Ranjon Ghoshal (রঞ্জন ঘোষাল; 7 June 1955 – 9 July 2020) was an Indian theatre director and musician. He was a member of the Bengali band Moheener Ghoraguli, and ran an advertising agency, Mareech Advertising in Bangalore, apart from Forum Three, a theatre group.

==Biography==
He was born in a small town named Memari, in Burdwan District, West Bengal to Leela (born: 1925) and late Tarapada Ghoshal (1915 - 16 February 2008), both from Barishal, now in Bangladesh.

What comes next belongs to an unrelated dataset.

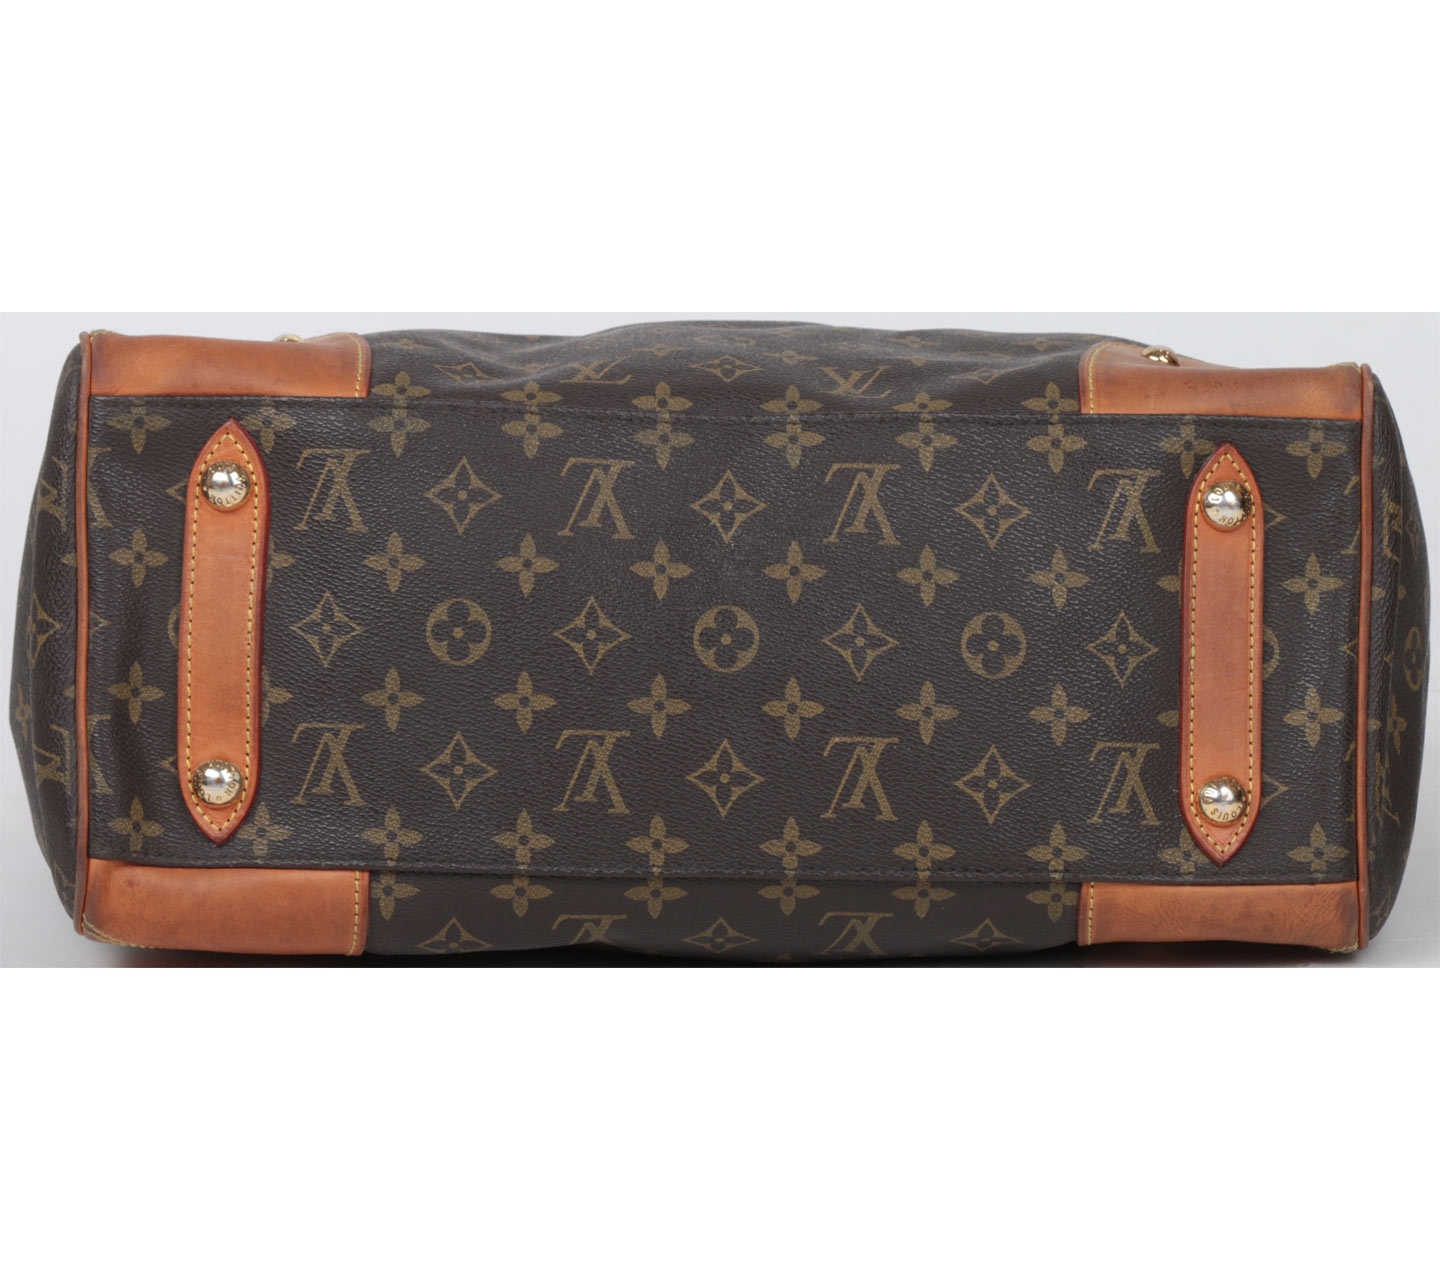 Louis Vuitton Brown Handbag

Tarapada retired from a Govt. of India's political intelligence bureau posting equivalent of an additional Superintendent of Police in 1973. Leela has always been a homemaker. Ranjon has three elder brothers, Tapan (born:1945), Swapan (born: 1947) and Chandan (born: 1950), one sister, Mala (born: 1957) and a younger brother, Kanchan (born: 1960).

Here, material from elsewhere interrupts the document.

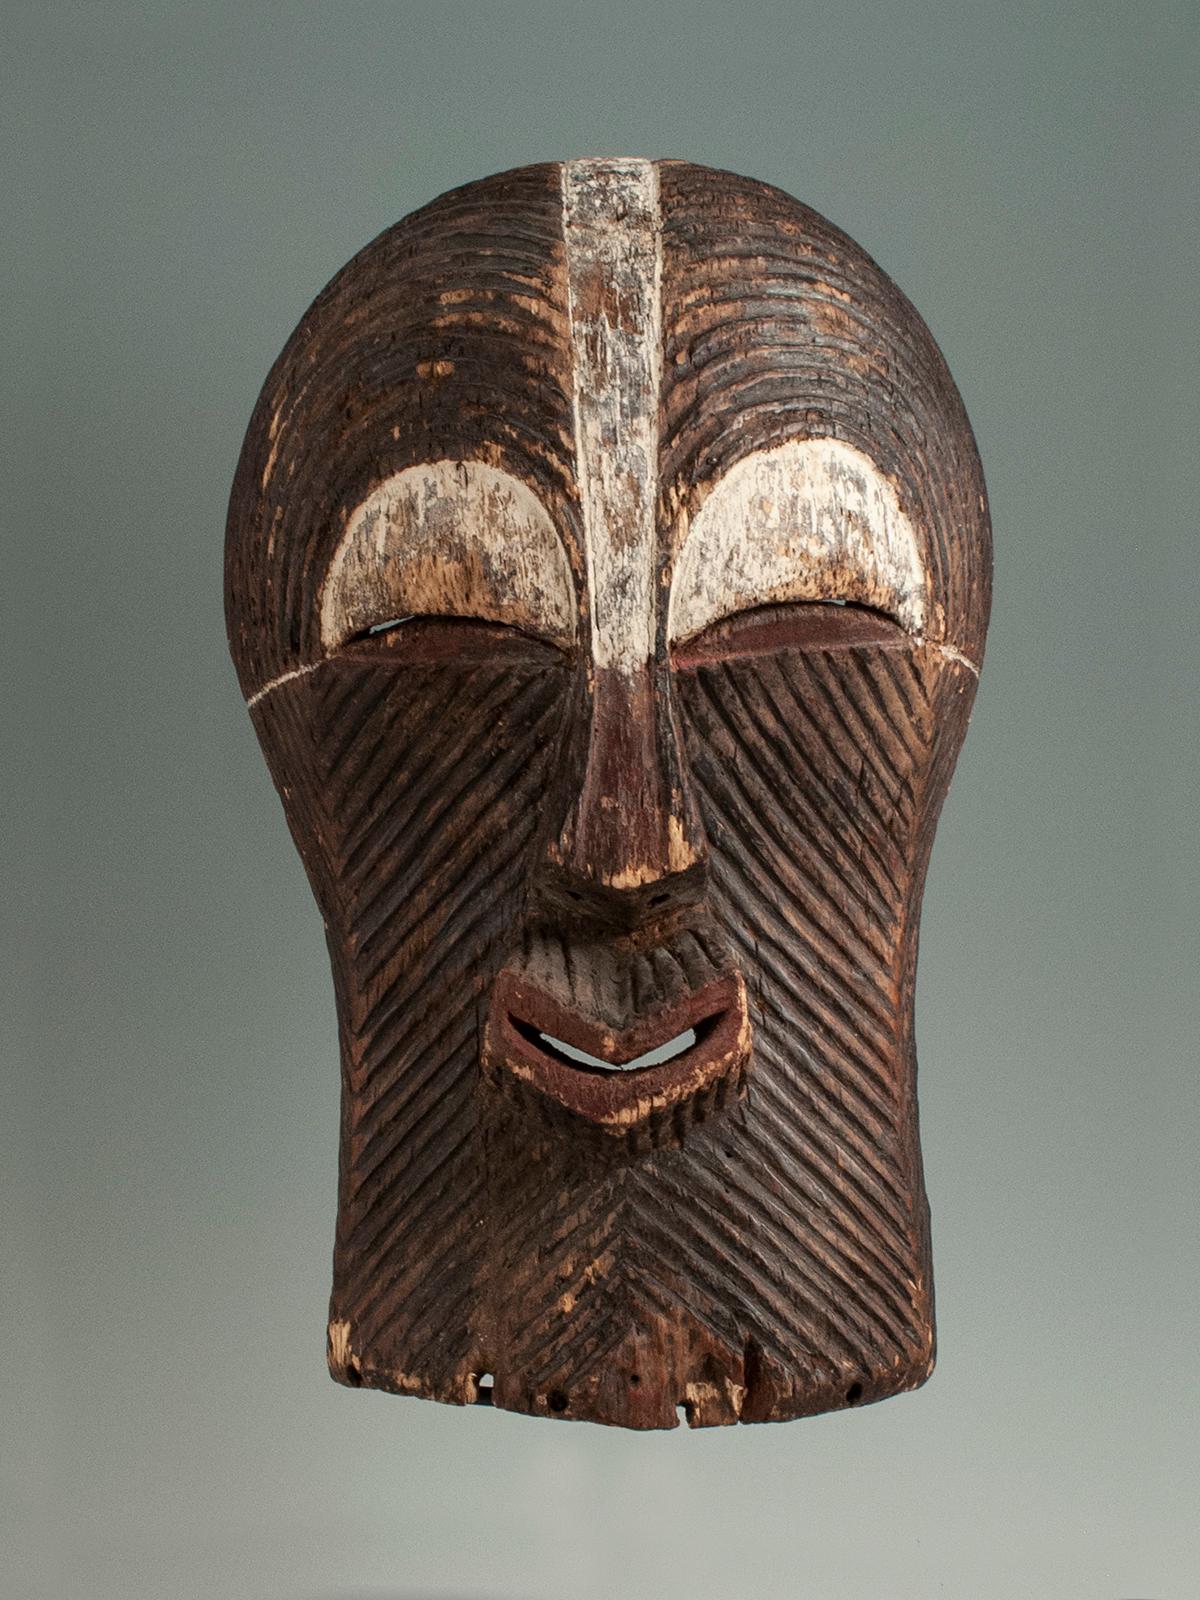 Diese grafische Songye-Kifwebe-Maske hat feine geschnitzte Linien, die über den Augen geschwungen sind, und diagonale Linien, die in klassischer Kifwebe-Form von Nase und Mund ausgehen. Maske aus der Mitte des 20. Jahrhunderts aus der Demokratischen

On 27 April 1980, Ranjon was married to Sangeeta (née Ghosh).

A first cousin of Gautam Chattopadhyay, who founded arguably Bengal's and India's first band in 1975 along with himself and other members; Ranjon was the presenter of the band and also contributed to the lyrics. He used to handle all the media interaction and cover designing.

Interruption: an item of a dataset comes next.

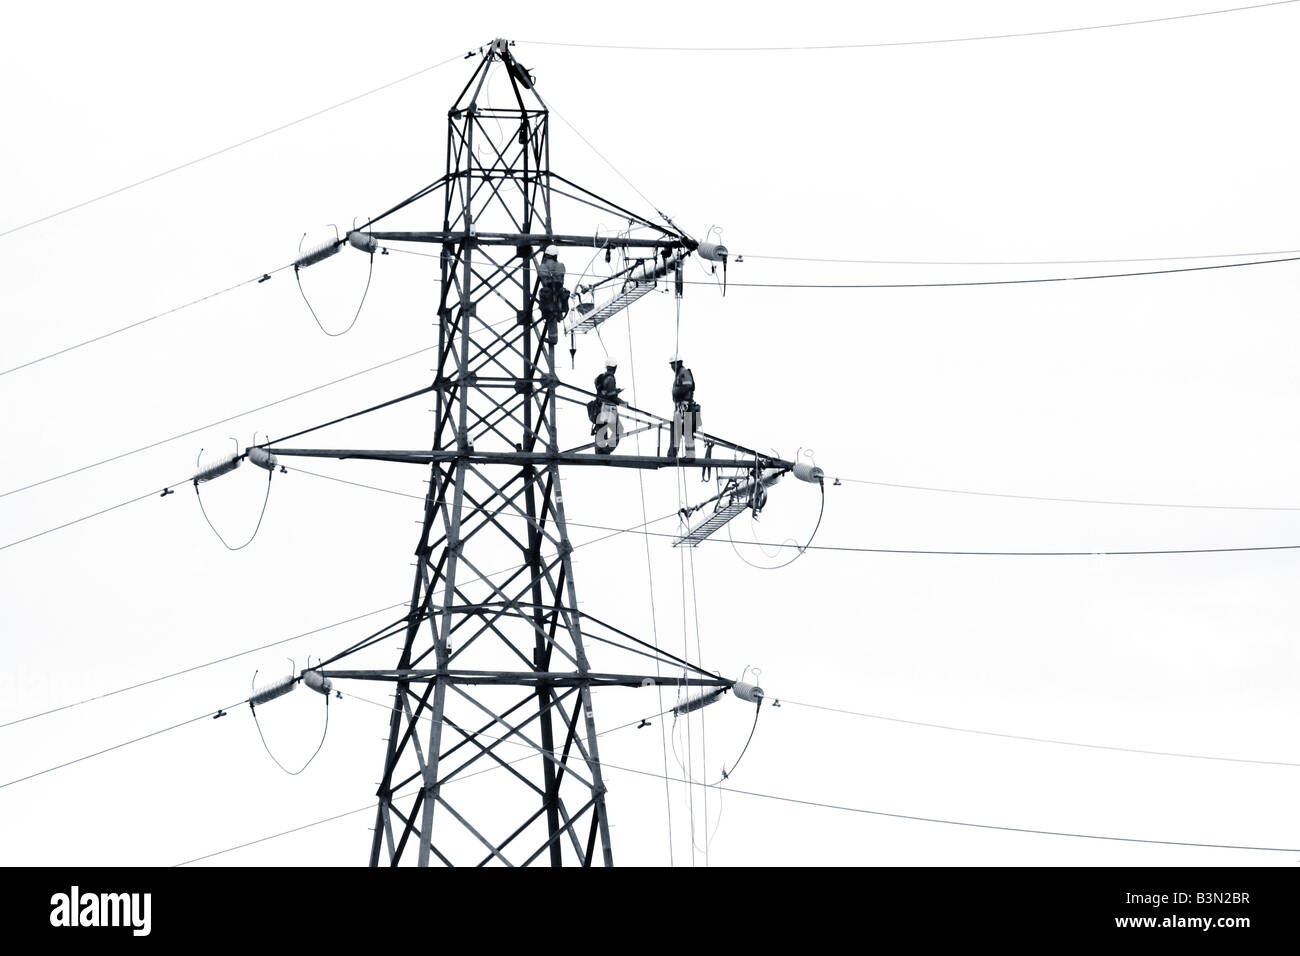 Les hommes travaillant sur un pylône elecricity Banque D'Images

An electrical engineer from Jadavpur University and PGD in Industrial Management, NITIE, Mumbai, Ranjon has worked with BHEL for a few years before becoming a designer-entrepreneur. He resided in Bangalore, India with his wife Sangeeta and two sons, Indrayudh and Abhimanyu. Ranjon hosted various Bengali celebrities at his home in Bangalore which was also known as Yellow Submarine.

He was an active member of the Bangalore theatre scene, directing and performing plays in English with the group Forum Three.

Ranjon, as a part of his effort in keeping alive the spirit of Moheen songs, had organized the First Rock Concert in Bangalore and Abar Bochhor Tirish Pore in Kolkata. He had started grooming brands under a venture named 'Mind It!'.

Ghoshal died on July 9, 2020, at the age of 65.

==Discography==
===Moheener Ghoraguli albums===

- Shangbigno Pakhikul O Kolkata Bishayak (1977)
- Ajaana UDonto bostu ba Aw-Oo-Baw (1978)
- Drishyomaan Moheener Ghoraguli (1979)

==Plays==

As an Actor, Producer and Director
| Name | year |
|---|---|
| ShahJahan (Bengali: শাহ্‌জাহান) | 1980 |
| Sajano Bagan (Bengali: সাজানো বাগান) | 1980 |
| Banchharam's Orchard | 1981 |
| Hayavadana | 1982 |
| The Zoo Story | 1983 |
| Mareech, the Legend | 1984 |
| Waiting for Godot | 1985 |
| End Game | 1986 |
| Ram-jatra (Bengali: রাম-যাত্রা) | 1987 |
| Baro-pishima (Bengali: বড় পিসিমা) | 1988 |
| Lathi (Bengali: লাঠি) | 1990 |
| An Audience With The King | 1999 |
| Jagannath, Story of a Half-man | 2001 |
| The Other Side of History | 2006 |
| Schweyk in the Second World War | 2014 |
| A Terrorist Hanged | 2016 |
| The Blooming Orchard | 2018 |
| A Matter of Life and Death | 2018 |

As an Actor and Playwright
| Name | year |
|---|---|
| Hello Tagore | 2009 |
| Hello Rabindranath (Bengali: হ্যালো রবীন্দ্রনাথ) | 2010 |
| A Journey With Tagore | 2011 |

==Scandals==
In October 2019, there were allegations of sexual harassment against Ranjon Ghoshal. Though he had initially dismissed the allegations, he finally extended a public apology for his behavior, following social media outrage. Gaurab Chatterjee, son of Moheener Ghoraguli leader Goutam Chatterjee, said "Ranjon Ghoshal is not synonymous with Moheener Ghoraguli" after these incidents. An original member of the band, Tapas Bapi Das, also did the same.